• **EXCERPTED DATA**:
☆ ☆ ☆

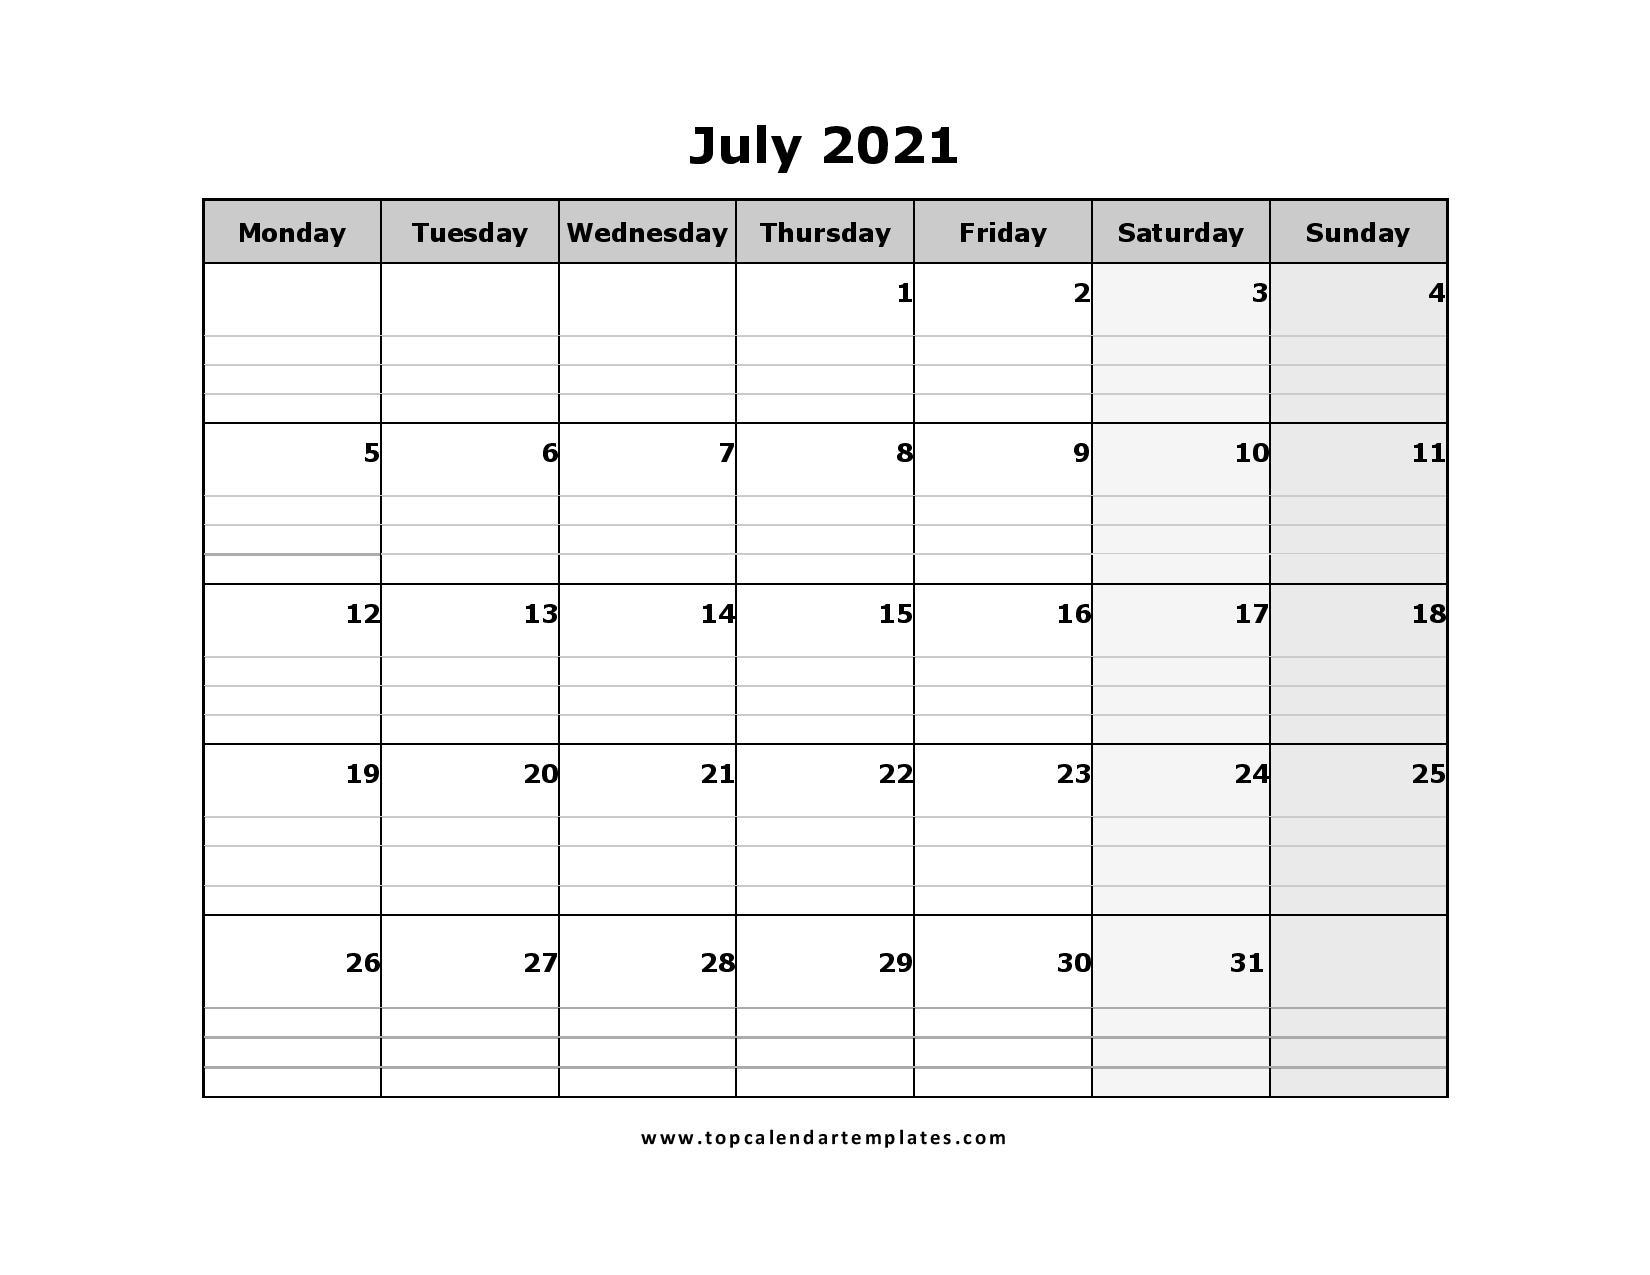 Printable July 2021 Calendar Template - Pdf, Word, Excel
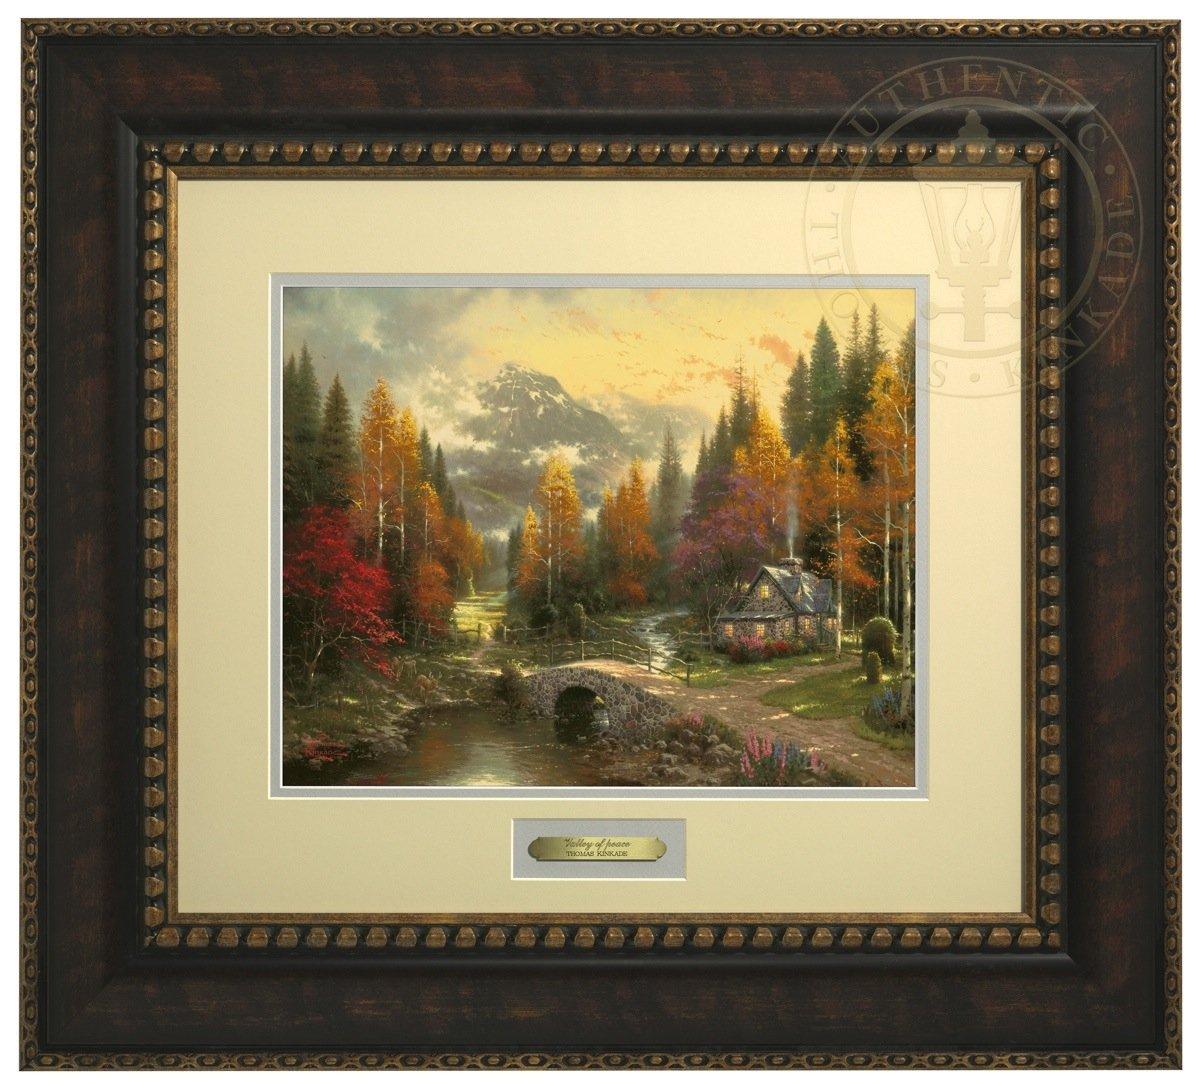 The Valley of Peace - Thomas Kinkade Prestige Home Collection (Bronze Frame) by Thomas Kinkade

☆ ☆ ☆

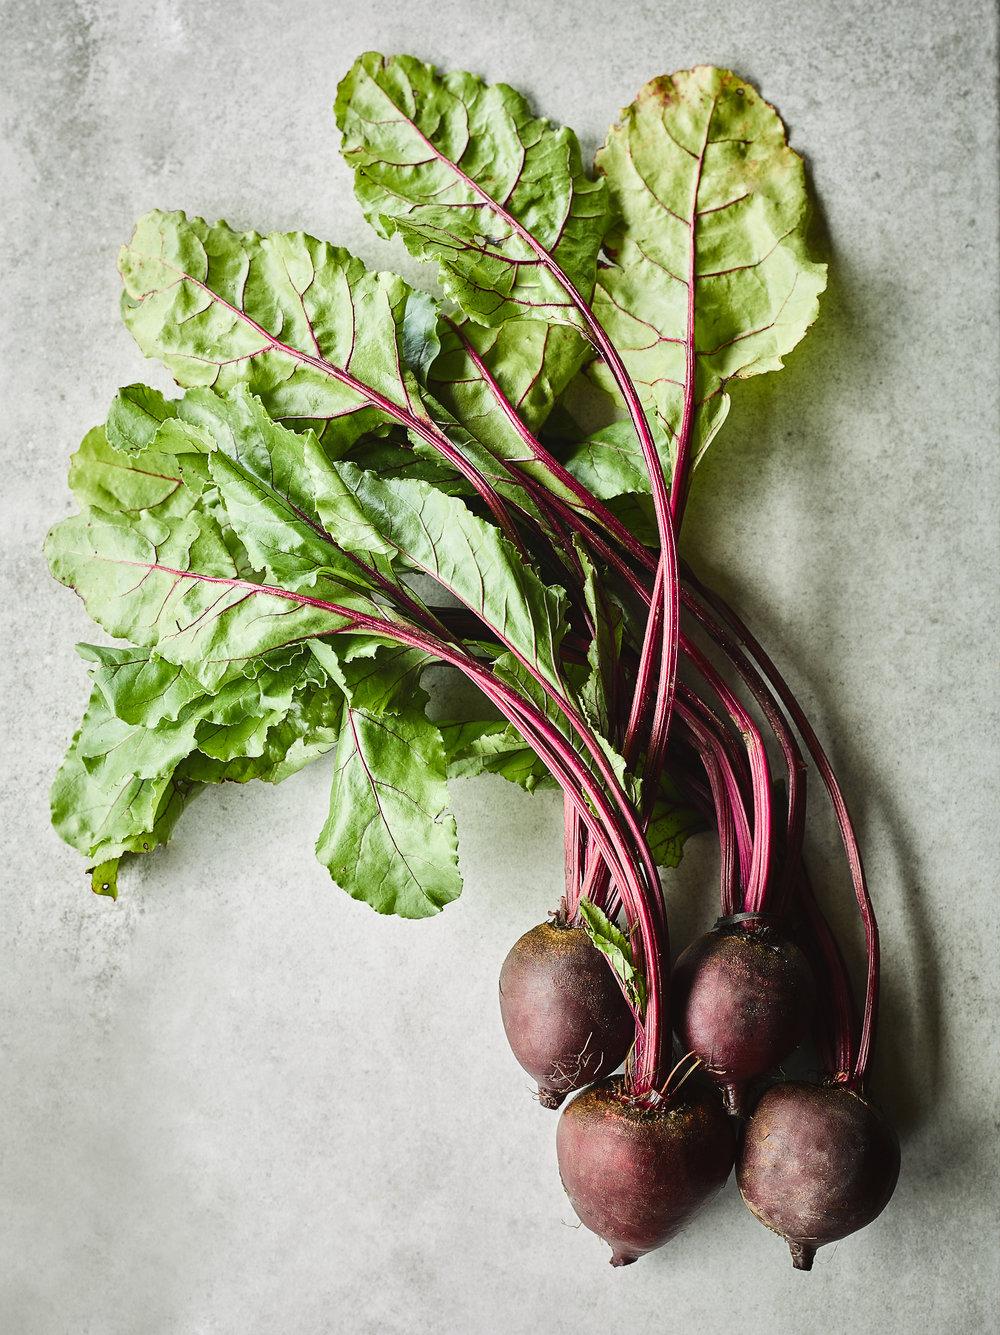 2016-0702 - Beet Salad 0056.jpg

☆ ☆ ☆

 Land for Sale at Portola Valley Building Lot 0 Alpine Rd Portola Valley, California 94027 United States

☆ ☆ ☆

• **WHAT YOU SHOULD DO**: While skipping the pictures, transcribe the data above from the line showing "Printable July 2021" through the line showing "The Valley of", exactly and with both ends.

• **EXERCISE OUTPUT**:
 Printable July 2021 Calendar Template - Pdf, Word, Excel
 The Valley of Peace - Thomas Kinkade Prestige Home Collection (Bronze Frame) by Thomas Kinkade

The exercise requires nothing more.